Choose a high-performance, scalable data store to maintain the rate limit counters. Options include:

• In-Memory Stores: Redis, Memcached (low latency, suitable for high read/write operations).
• Distributed Databases: DynamoDB, Cassandra (scalable, persistent storage). For this example, we'll use Redis for its low latency and atomic operations support.

4. Rate Limiter Implementation

Step-by-Step Implementation:

1. Setup Redis:

• Redis will store the rate limit data with keys structured as user_id:endpoint.

1. API Gateway Logic:

• Intercept each request and pass it to the rate limiter logic.
• The rate limiter checks Redis for the current count and timestamp.
• Update the count and decide whether to allow or reject the request.

1. Token Bucket Logic in Redis:

• Each user has a bucket that refills tokens at a set rate.
• When a request is made, tokens are consumed from the bucket.
• If the bucket has enough tokens, the request proceeds; otherwise, it is throttled.
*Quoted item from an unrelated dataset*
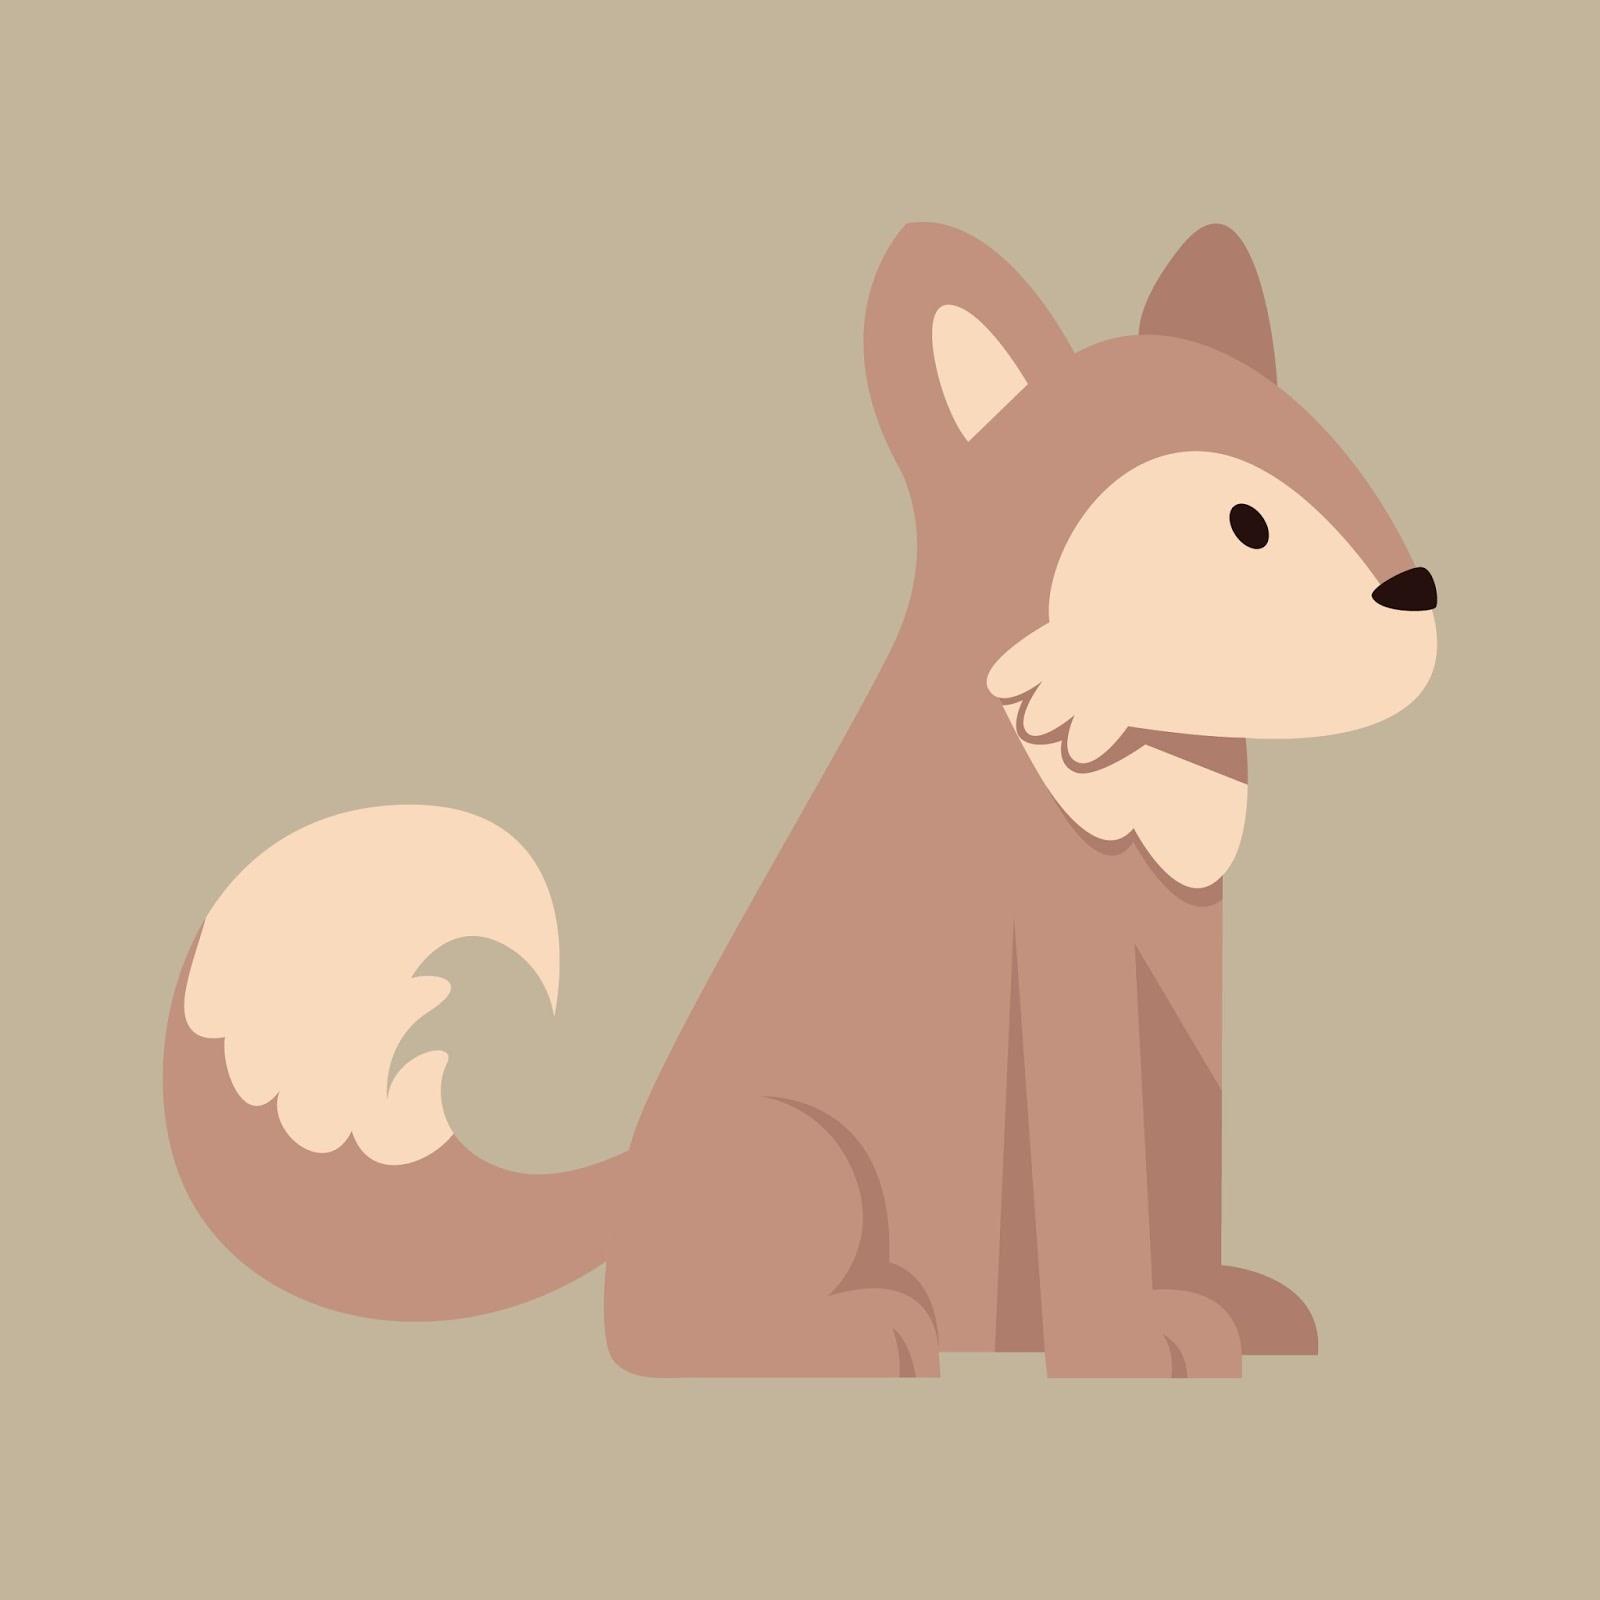 clipart clip art cute dog vector free download husky dog [ 1600 x 1600 Pixel ]

// Redis client setup (using ioredis for Node.js)
const Redis = require("ioredis");
const redis = new Redis();
// Rate limiter function
const rateLimiter = async (userId, endpoint, maxTokens, refillRate) => {
  const key = `${userId}:${endpoint}`;
  const now = Date.now();
  // LUA script to handle token bucket algorithm in Redis
  const script = `
    local tokens_key = KEYS[1]
    local timestamp_key = KEYS[2]
    local max_tokens = tonumber(ARGV[1])
    local refill_rate = tonumber(ARGV[2])
    local current_time = tonumber(ARGV[3])
    local tokens = tonumber(redis.call("get", tokens_key))
    if not tokens then
      tokens = max_tokens
    end
    local last_refill = tonumber(redis.call("get", timestamp_key))
    if not last_refill then
      last_refill = current_time
    end
    local refill_tokens = math.floor((current_time - last_refill) / refill_rate)
    tokens = math.min(max_tokens, tokens + refill_tokens)
    last_refill = last_refill + (refill_tokens * refill_rate)
    if tokens > 0 then
      tokens = tokens - 1
      redis.call("set", tokens_key, tokens)
      redis.call("set", timestamp_key, last_refill)
      return 1
    else
      return 0
    end
  `;
  const tokensKey = `${key}:tokens`;
  const timestampKey = `${key}:timestamp`;
  const allowed = await redis.eval(
    script,
    2,
    tokensKey,
    timestampKey,
    maxTokens,
    refillRate,
    now
  );
  return allowed === 1;
};
// Example usage in an API endpoint
const express = require("express");
const app = express();
app.use(async (req, res, next) => {
  const userId = req.headers["x-user-id"];
  const endpoint = req.path;
  const maxTokens = 100; // e.g., 100 requests
  const refillRate = 60000; // e.g., 1 token per minute
  if (await rateLimiter(userId, endpoint, maxTokens, refillRate)) {
    next();
  } else {
    res.status(429).send("Too Many Requests");
  }
});
app.get("/api/resource", (req, res) => {
  res.send("Resource accessed");
});
app.listen(3000, () => {
  console.log("Server running on port 3000");
});

Final Thoughts

This system design leverages Redis for low-latency storage and atomic operations, allowing efficient rate limiting using the token bucket algorithm. The API Gateway ensures that all incoming requests are checked before reaching backend services. This design can scale horizontally by distributing Redis across multiple nodes and adding more instances of the API Gateway and backend services. Additionally, monitoring and logging can be added to track usage patterns and adjust rate limits as needed.